SALI is solving that problem: As a standard, it can provide interoperability. Since everyone uses the same SALI tag for Banking Law, all of the stakeholders (e.g., firm X, client Y, vendor 1, vendor 87) can move data between each other. The SALI API working group is currently crafting the SALI API language. If you’d like to join in that work, please let us know.
Bridging Substantive Law and the Business of Law
One of SALI’s biggest strengths is that it merges two aspects of legal practice:
- Substantive Law. How do we win or lose? How do we get the deal done?
- Business of Law. How much will it cost? What is our profit margin?
SALI tags help with both because they are related.
- Business of Law. How much does a Deposition cost?
- Substantive Law. Well, that depends — is it a…
- …depo for Patent Infringement Claim?
- …depo for Slip-and-Fall Negligence Claim?
Substantive factors affect business variables. SALI counts both. With SALI tags, one is able to determine both:
- How do various tags affect cost?
- And how do we use those insights to deliver services more effectively?
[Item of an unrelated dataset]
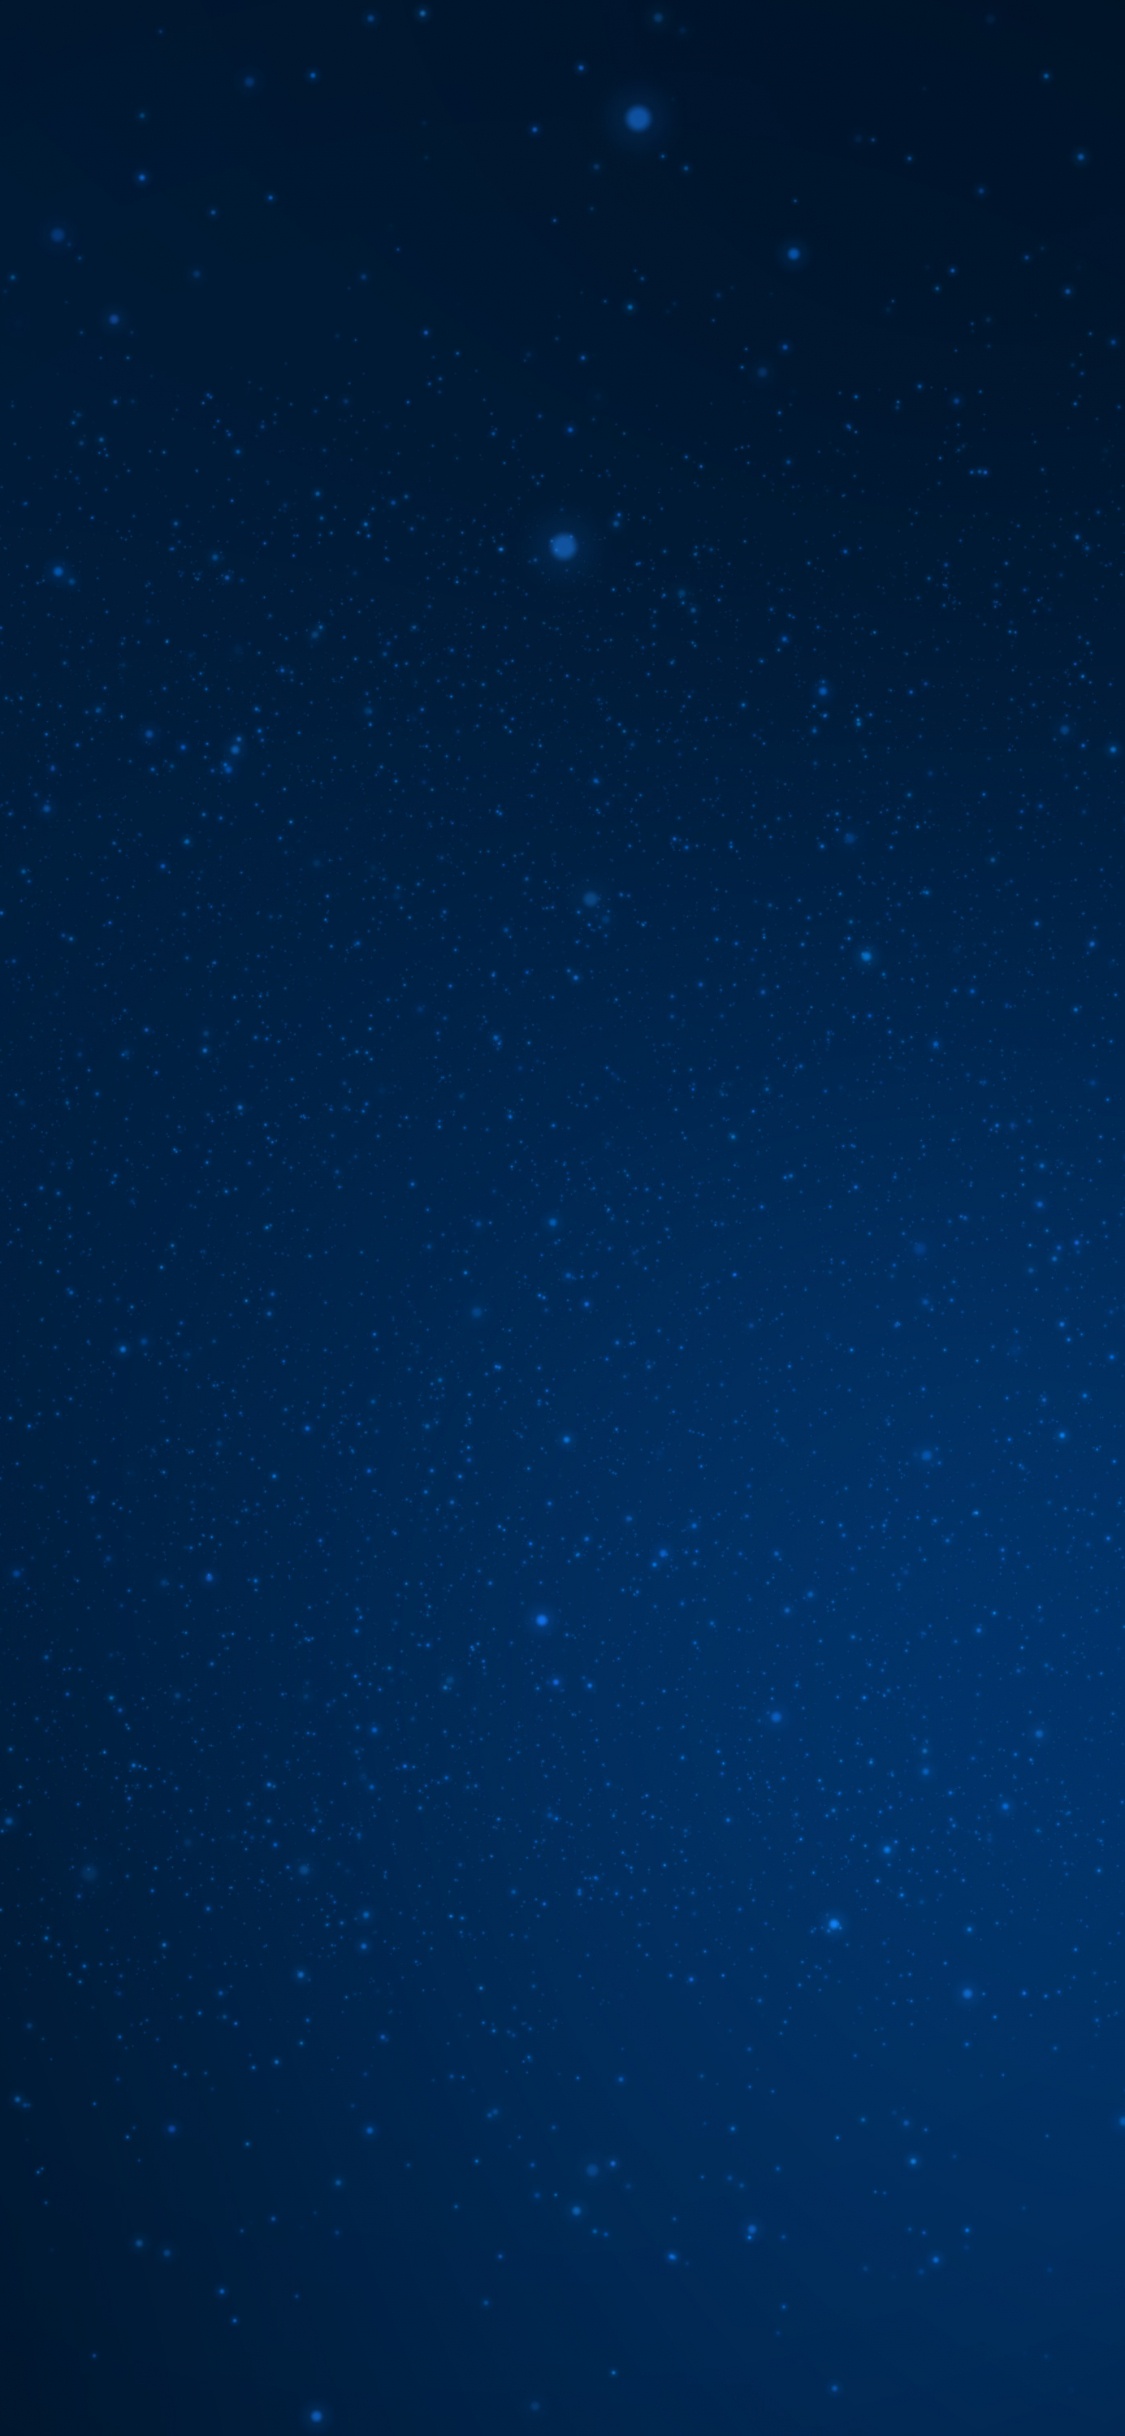 Blue Sky With Stars During Night Time. Wallpaper in 1125x2436 Resolution
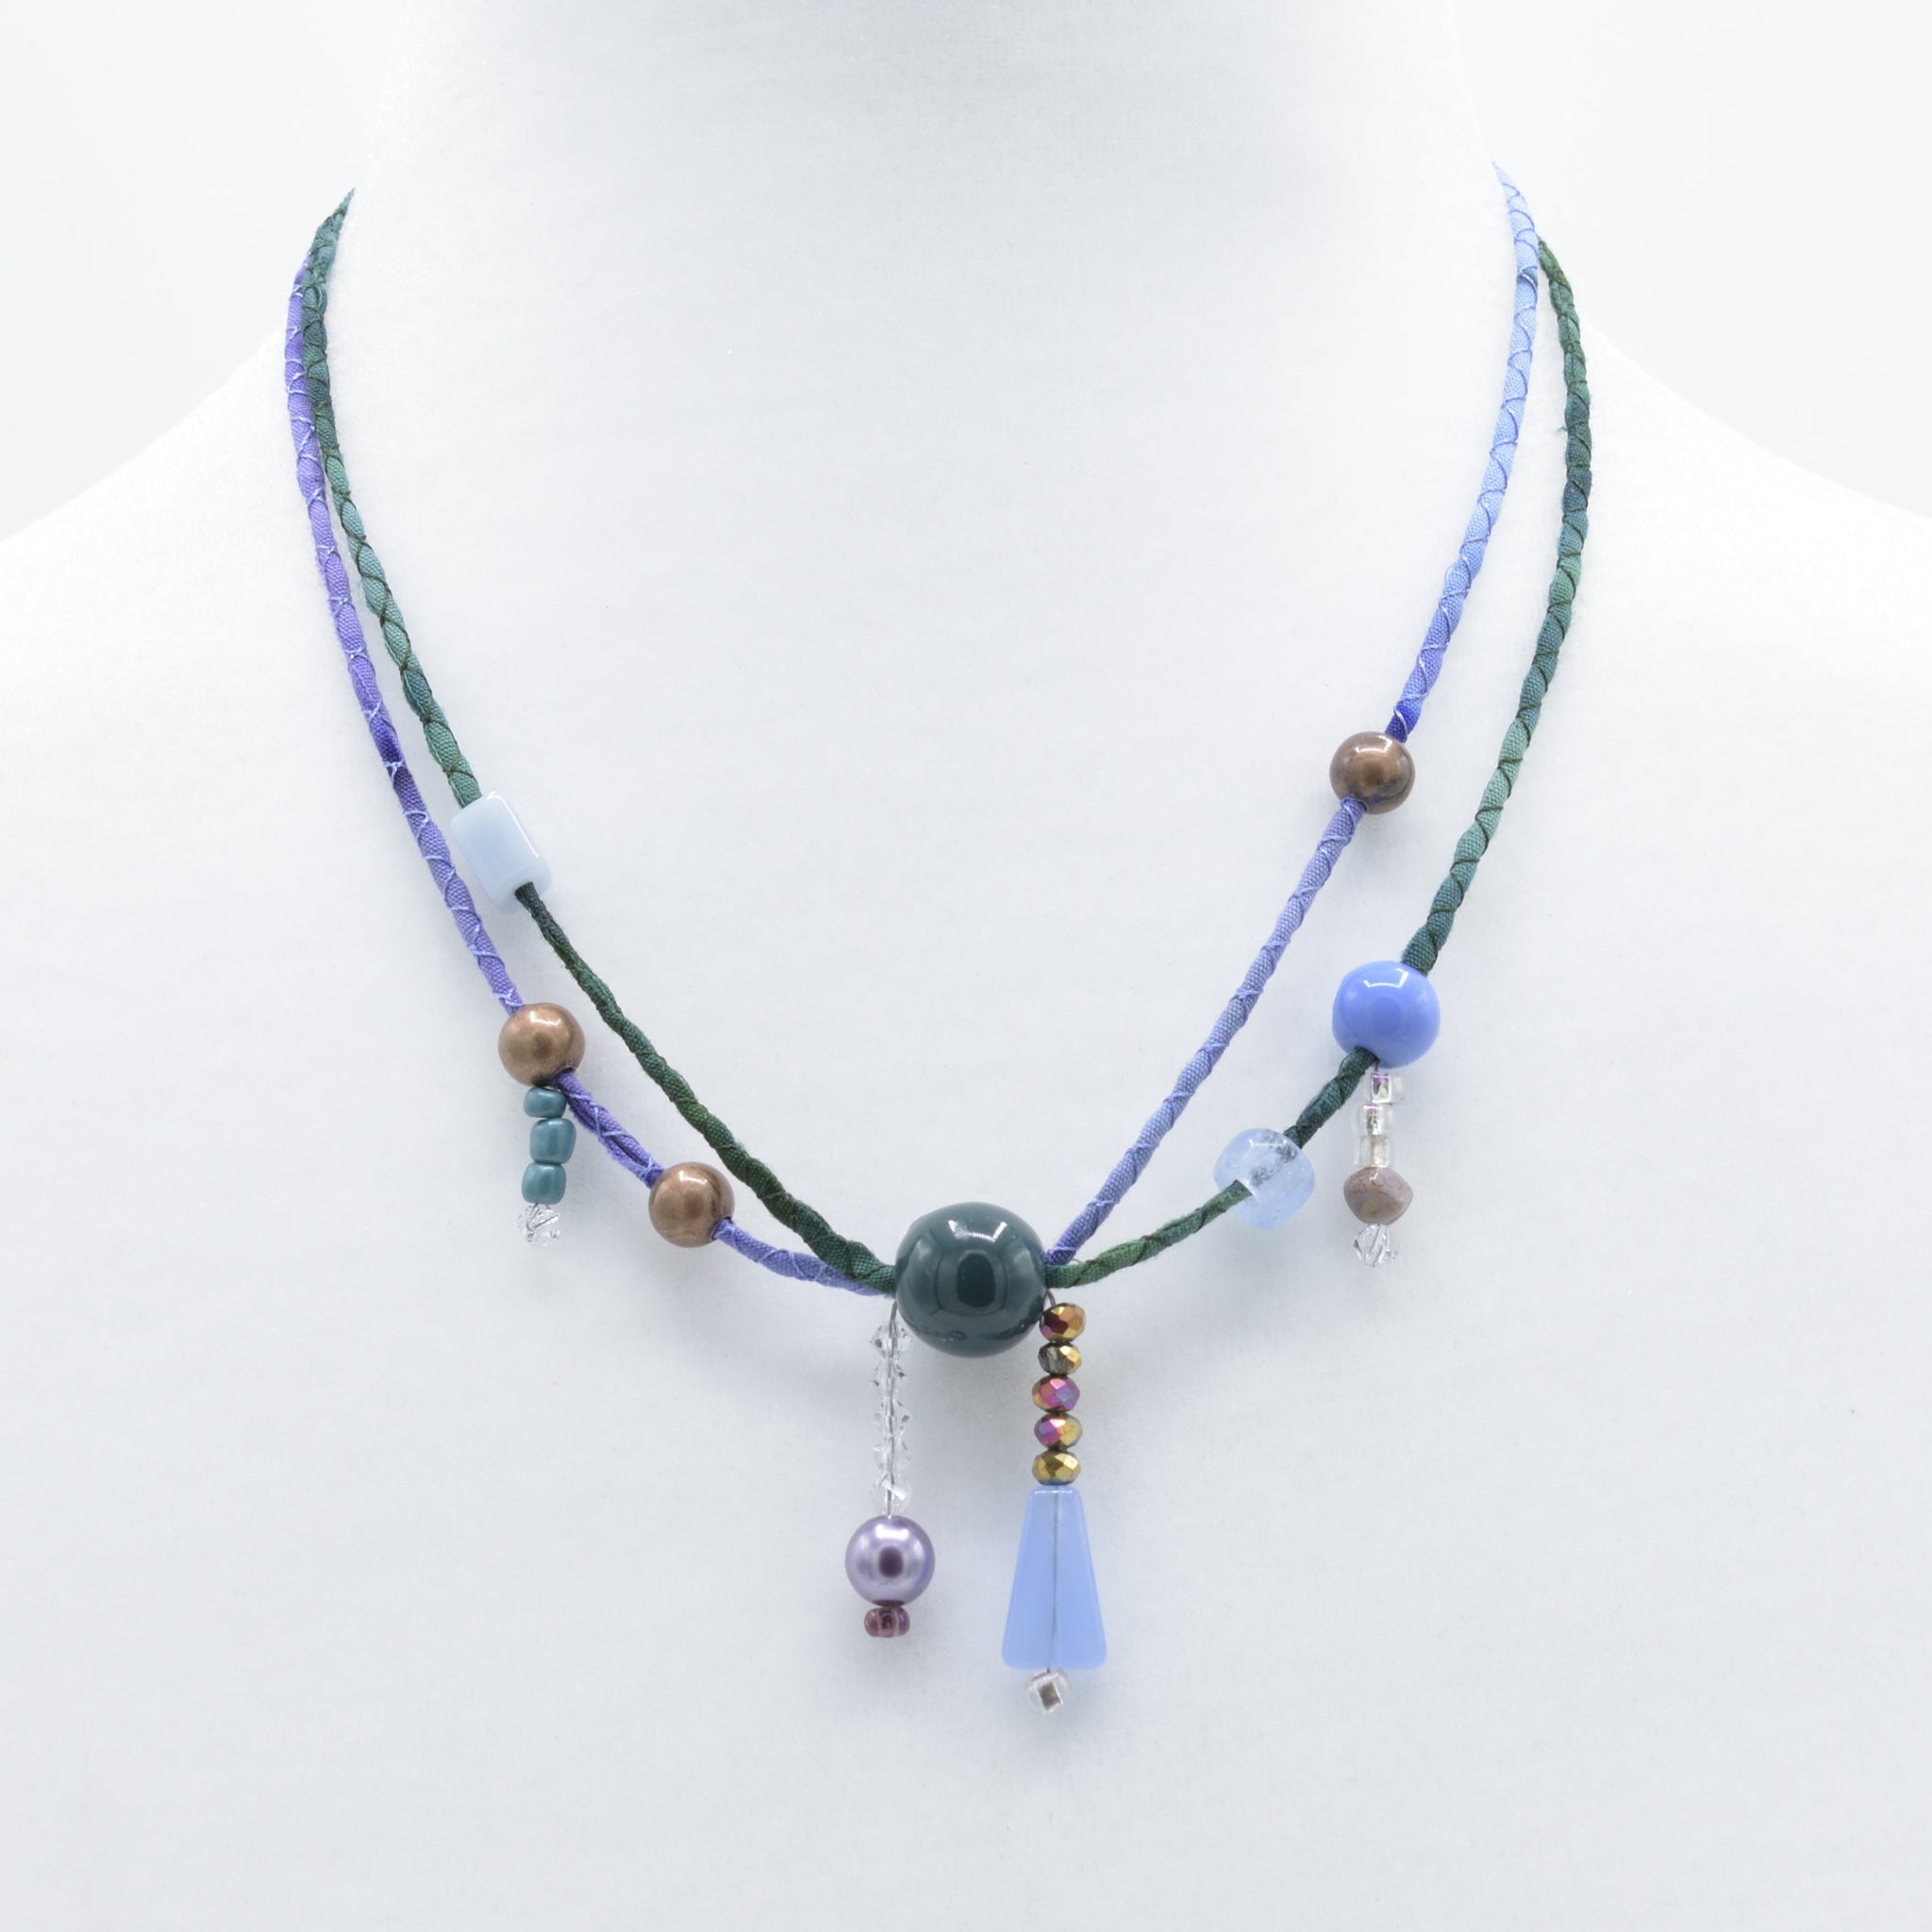 artisan hand crafted short necklace with hand sewn cords from cotton batik fabric embellished with crystals and beads

Browsing SALI’s LMSS: WebProtégé
All 10,000 of SALI’s tags are displayed in the Stanford tool WebProtégé. Using the tool, you can easily explore the SALI taxonomy/ontology by both browsing and searching:
- Browse the various types and subtypes using the left-hand side arrows
- Search for specific terms, jumping directly to its location in the hierarchy
Because WebProtégé has connected its thousands of tags through conceptual relationships, that enables technologists to more easily bring together disparate concepts. A common scenario: “A new potential client is in the Transportation Industry — what have we done in that area?”
Because SALI has connected the tag Maritime Negligence with Maritime Law and the Transportation Industry, a quick query for Transportation Industry can show results with all Maritime Negligence documents.
Multiple Parentage. Also important, SALI tags can have multiple parents, which reflects the world — and legal concepts — and how they work. For example, you could ask three lawyers “What kind of claim is Negligent Misrepresentation?”
- Lawyer 1: “It’s a Negligence claim.”
- Lawyer 2: “It’s a Misrepresentation claim.”
- Lawyer 3. “It’s a Defamation claim.”
- All three are right. How do you choose?
With SALI, you don’t need to choose: It’s all three. Because that model (multiple parentage) reflects the legal reality: Negligent Misrepresentation is a negligence claim and a defamation claim and a misrepresentation claim. Search for “negligence claims” tag and you’ll get Negligent Misrepresentation. Same with a search for “defamation claims” tag. All roads lead to the right answer.
SALI’s 10,000 tags are filled with this kind of thoughtful complexity — which can better provide user simplicity. SALI tags reflect the legal world — both in substance and in business.
Conclusion
In a sense, SALI’s 10,000 tags are the DNA of the law: Nearly everything that matters, both to legal business and to legal substance. SALI has collected 10,000+ fields/tags that matter. Our membership — and our number of tags — both keep growing.